Step 3: Procedure
1. Drive to a flat road with little traffic or wind.
2. Have the passenger ready with stopwatch and paper to record data.
3. Have the driver accelerate up to above 70 km/h or so, and shift into neutral.
4. Record data as follows. The driver should indicate when the speed drops to exactly 70 km/h. At this time (t=0) the passenger should start the clock. The passenger should indicate every 10 seconds after that and the driver should call out the current speed to the nearest whole km. The passenger should record this value next to each time.
Aside: If you have a digital camera capable of recording several minutes of low resolution video (as most people seem to have these days), the process is much easier and more accurate. You don't need any equipment except the digital camera. Simply have your passenger record a video of your speedometer during the coast down tests, or find some way of mounting the camera so you can do the recording without an assistant. Using a free program such as Avidemux (http://fixounet.free.fr/avidemux/) you can play the video back on your computer frame by frame and view the timestamp at desired speeds.
5. Repeat the test in the opposite direction.
6. Repeat the test in both directions twice more (6 trials in all, 3 in each direction). All these values will be averaged for a more accurate analysis.
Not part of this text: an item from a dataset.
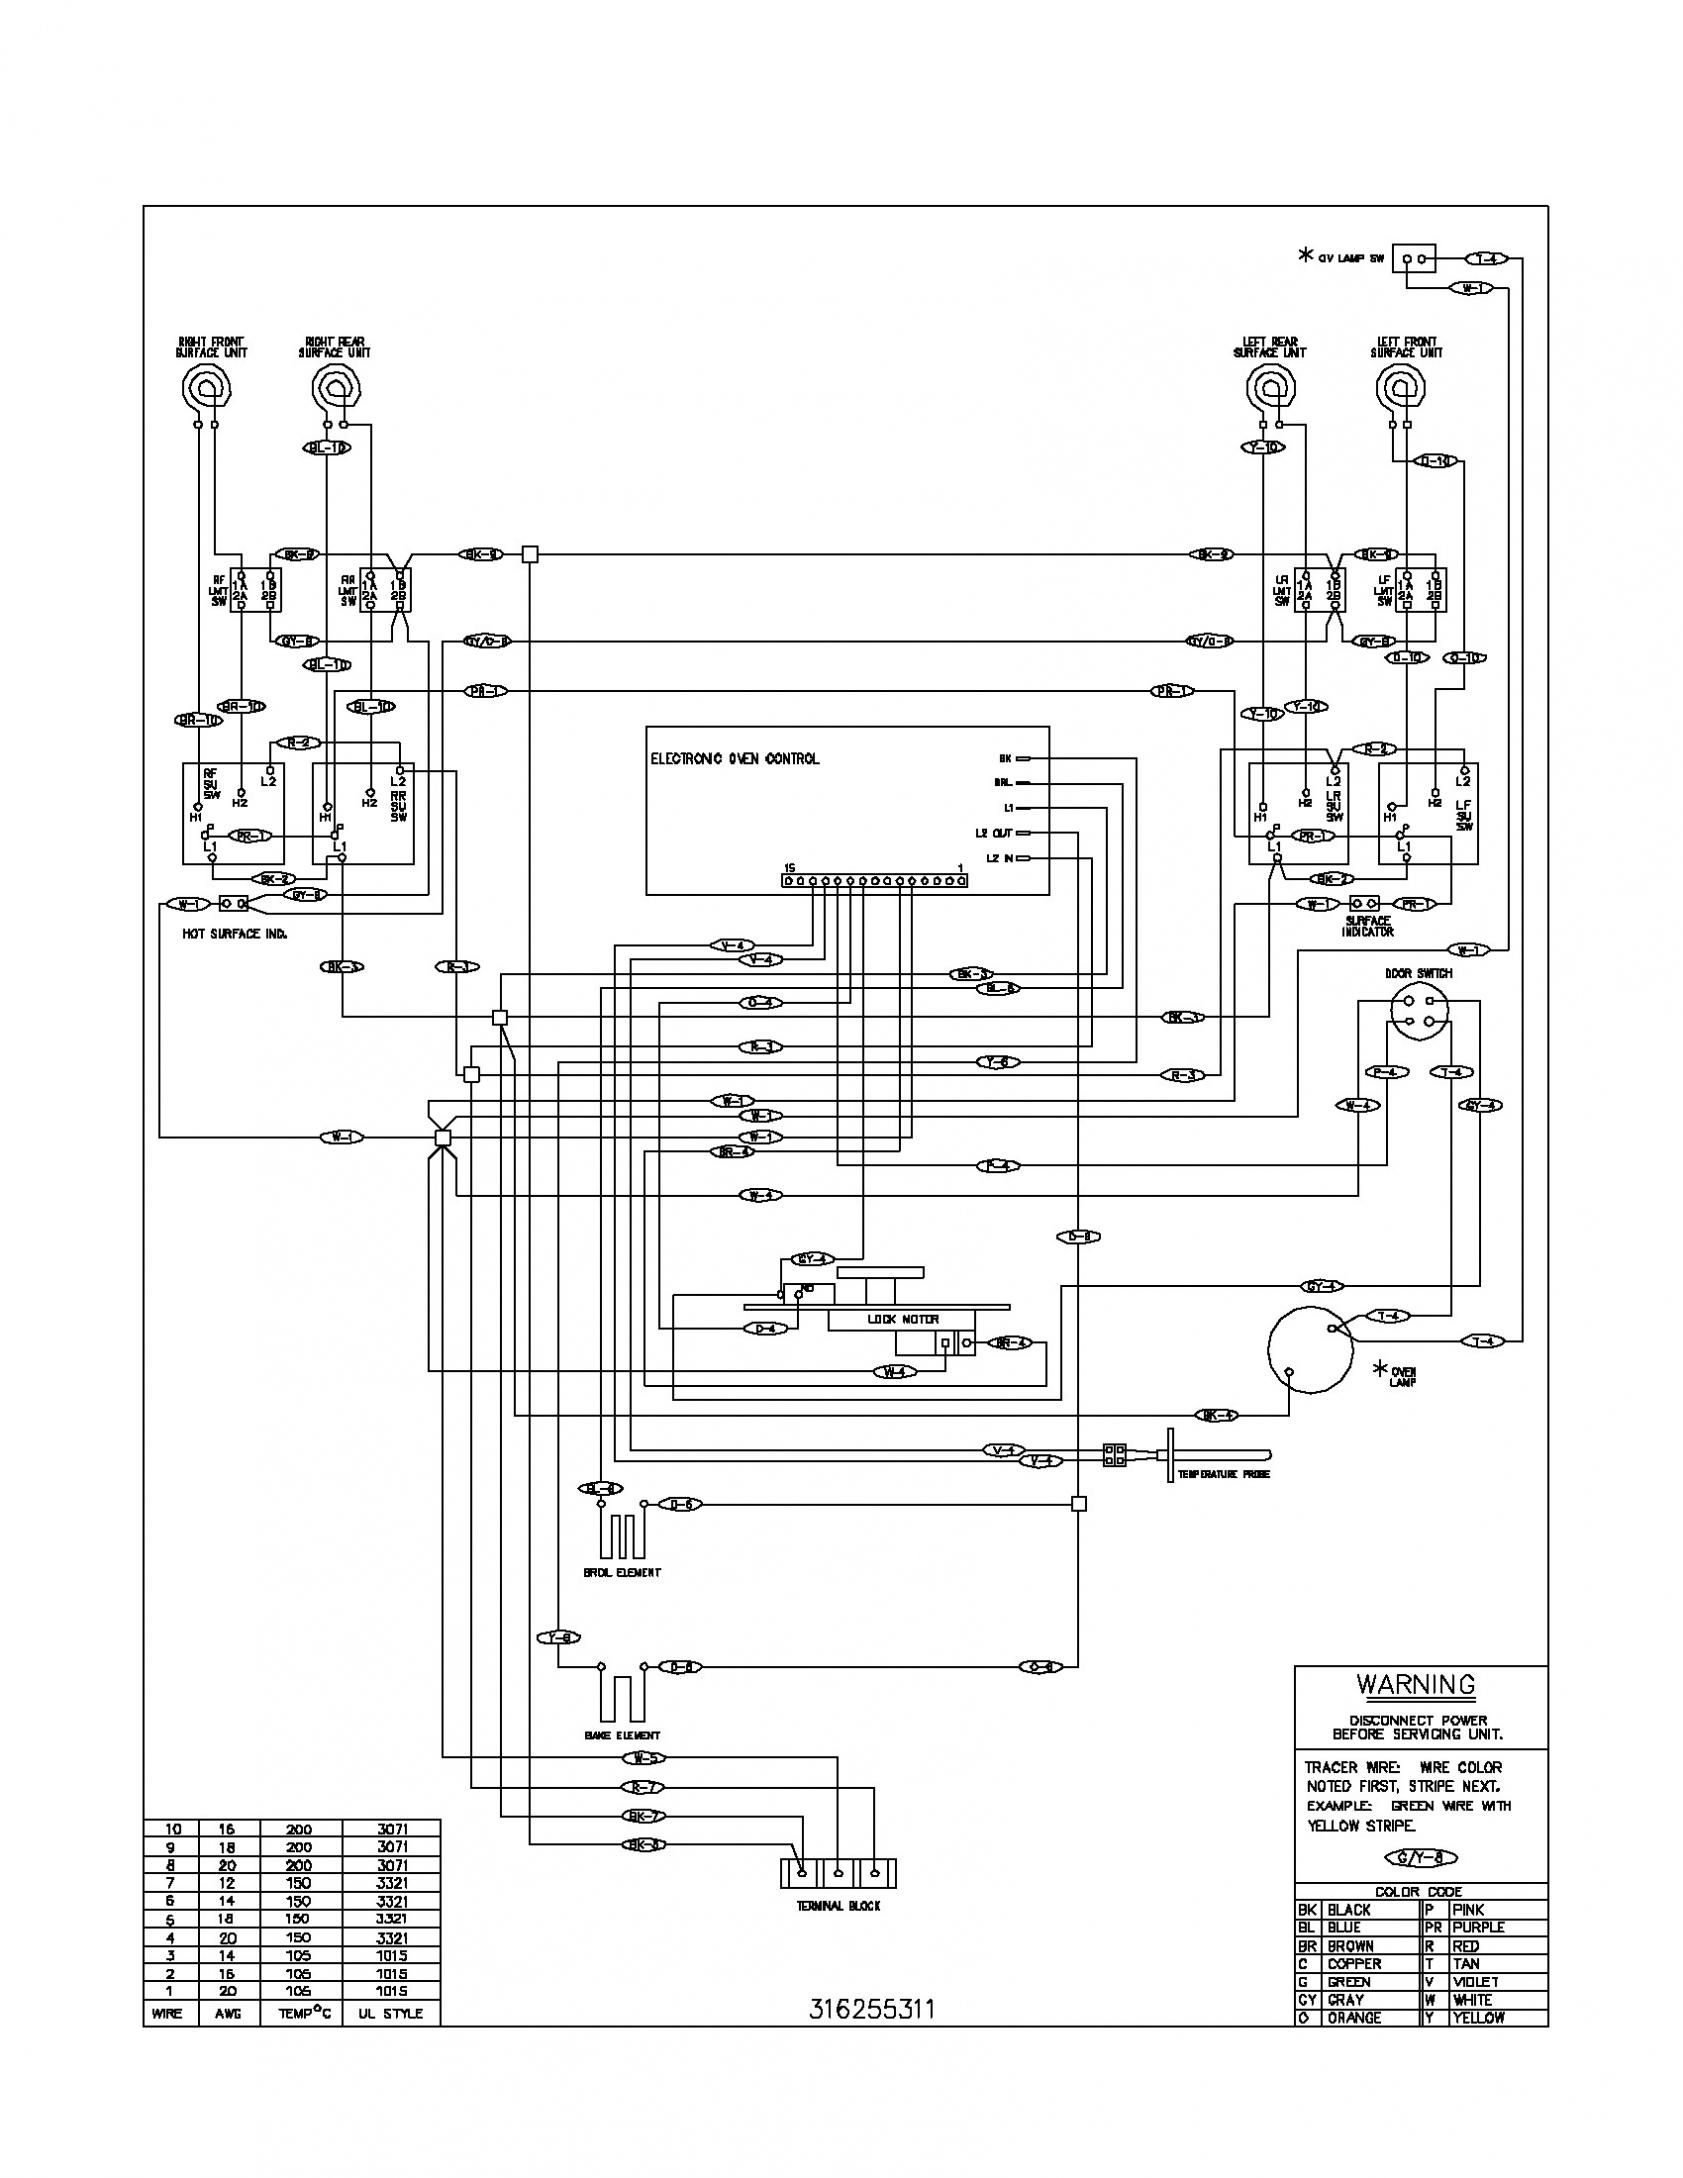 Electric Stove Wiring Diagram — Daytonva150 - Electric Stove Wiring Diagram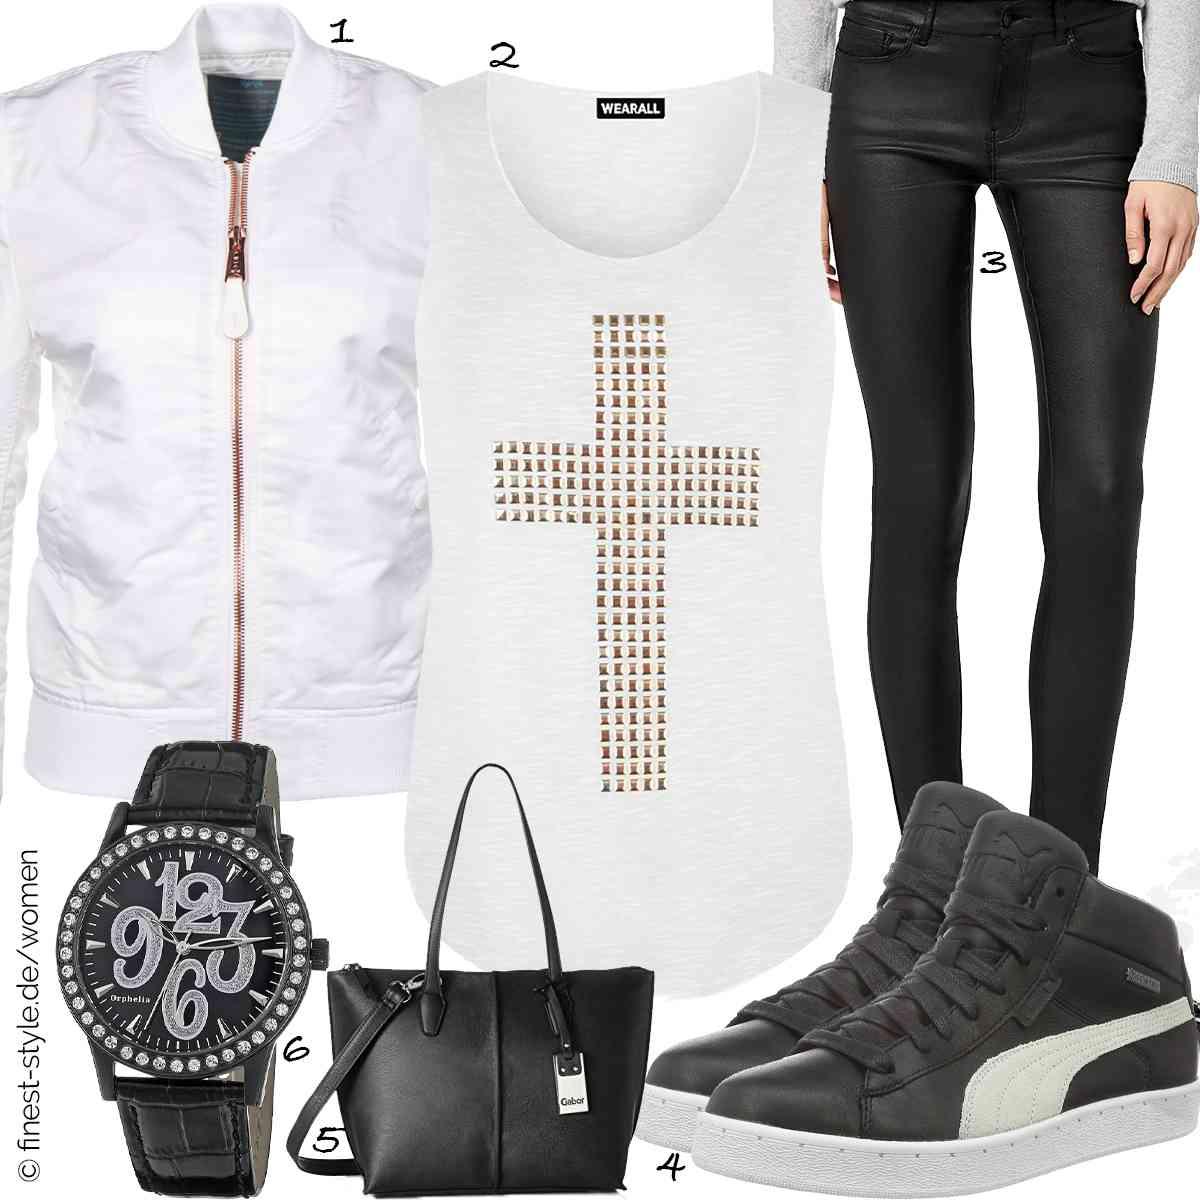 Top Herren-Outfit im Finest-Trend-Style für ein selbstbewusstes Modegefühl mit tollen Produkten von Alpha Industries,WearAll,VERO MODA,Puma,Gabor,Orphelia

7. Download the spreadsheet I created Drag_Coefficient.xls and enter all your data following the instructions included. The spreadsheet averages data from all 6 trials to create a single data set representing velocity (V actual) as a function of time. It then generates it's own model for velocity (V model) based on entered constants and initial guesses for Cd and Crr. Excel's "Solver" function can be used to adjust Cd and Crr in order to minimize the error between the model and actual data. If you are using OpenOffice Calc (which I highly recommend and which you can download for free from http://www.openoffice.org), unfortunately, the solver function currently only handles linear systems, so you will have to adjust the input values manually to minimize the error between the model and the data. Once the error is minimized and the model data matches the actual data as best it can, then Cd and Crr are correct.